All of the above simulations provide good insights on downburst wind field. However, none of these studies discussed the turbulent characteristics (such as turbulent intensities, length scales, spectra, and peak factors) of the flow near the ground. These characteristics are essential to quantify peak loads on structures including TLs and their responses as indicated by Chen and Letchford (2004a, b), Chay and Albermani (2005), Chay et al. (2006), Holmes et al. (2008) and Kwon and Kareem (2009). Holmes et al. (2008) analyzed the velocities of a downburst event recorded at the Wind Science and Engineering Research Center at Texas Tech University (Gast-Orwig and Schroeder 2005) and obtained the turbulent characteristics of the event. Unfortunately, these characteristics are for open terrain exposure only and limited to the locations where the velocities were measured. Detailed turbulent characteristics of downburst events happening over various terrain exposures typically encountered by TLs are still missing and this is one of the aspects covered in this thesis.

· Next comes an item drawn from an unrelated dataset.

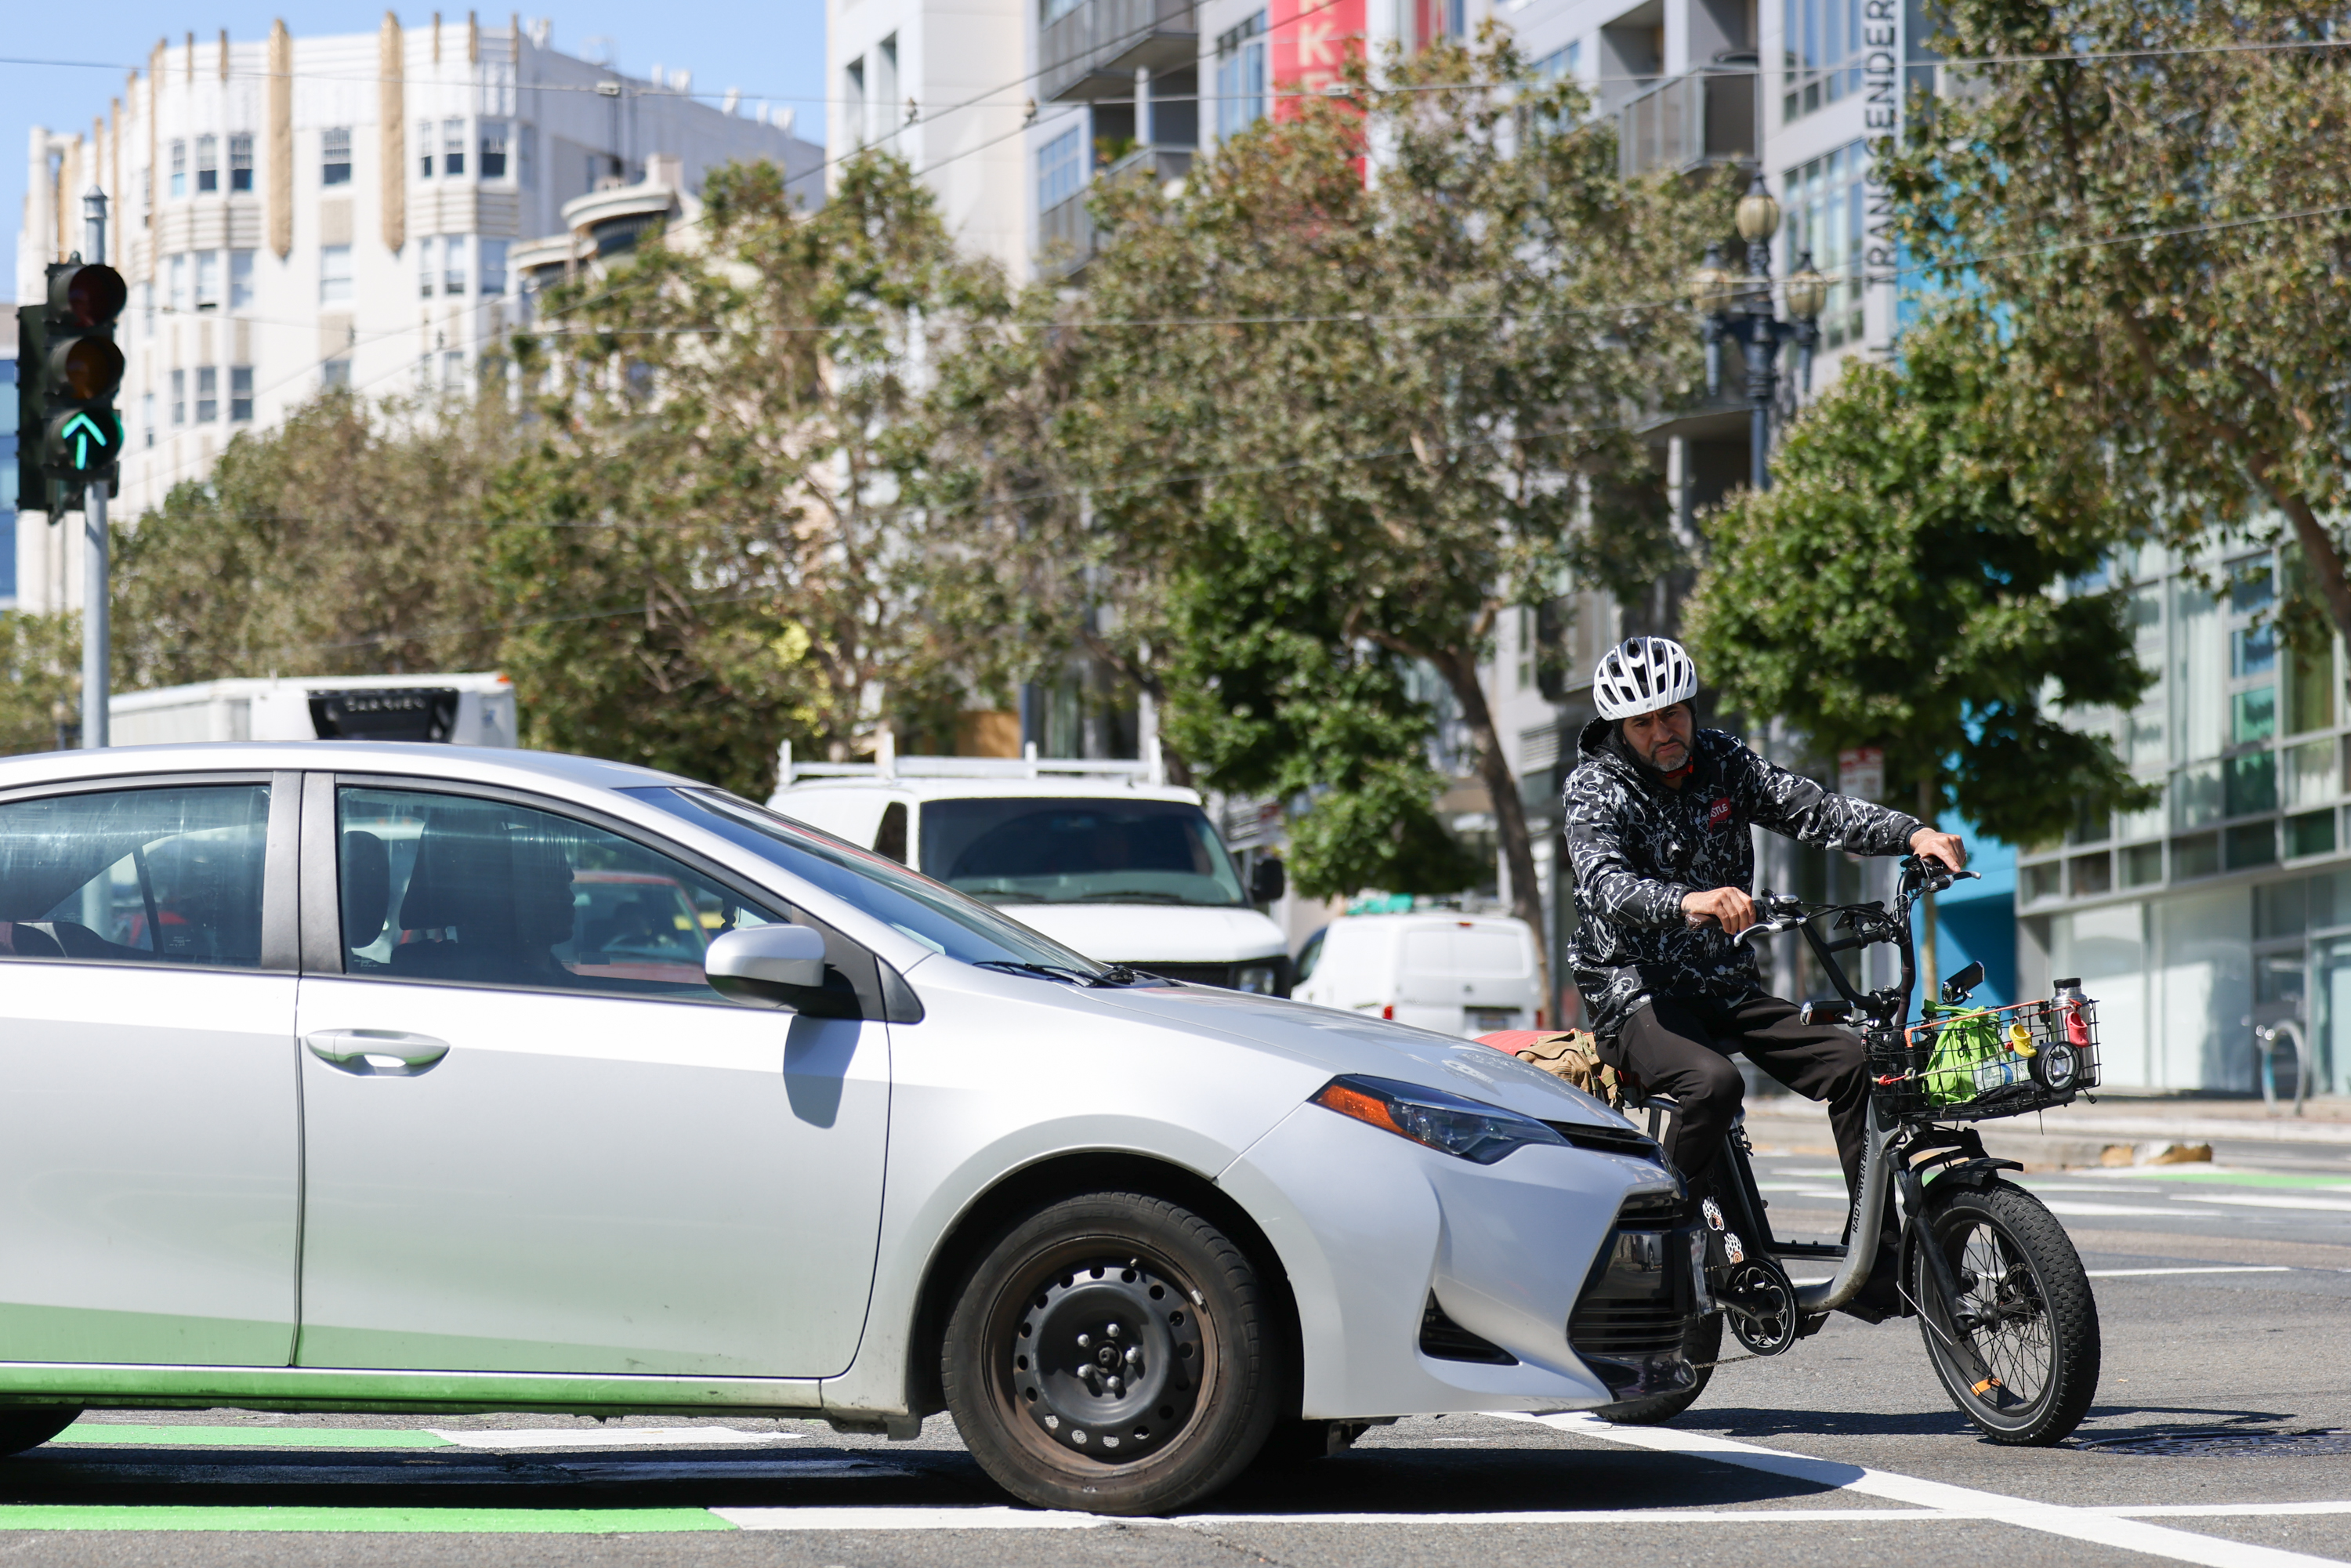 A cyclist maneuvers around gridlocked cars at the intersection.

Obtaining the turbulent characteristics can be achieved using a high resolution LES with a careful modeling of terrain roughness. As mentioned earlier, terrain roughness was commonly modeled using wall functions which provide a constraint on the maximum roughness that can be modeled. This constraint has a significant effect especially when detailed flow characteristics close to the ground is needed. Methods such as terrain

following coordinates, immersed boundary methods (IBM) and canopy models do not have limitation on the roughness that can be modeled. However, they do not allow for modeling a terrain exposure with a prescribed aerodynamic roughness z0, which is needed for obtaining the turbulent characteristics of downbursts acting on different exposures. There is a need for a new method capable of modeling a prescribed aerodynamic roughness in LES without imposing a constraint on the roughness that can be modeled, and this is one of the topics covered in the thesis.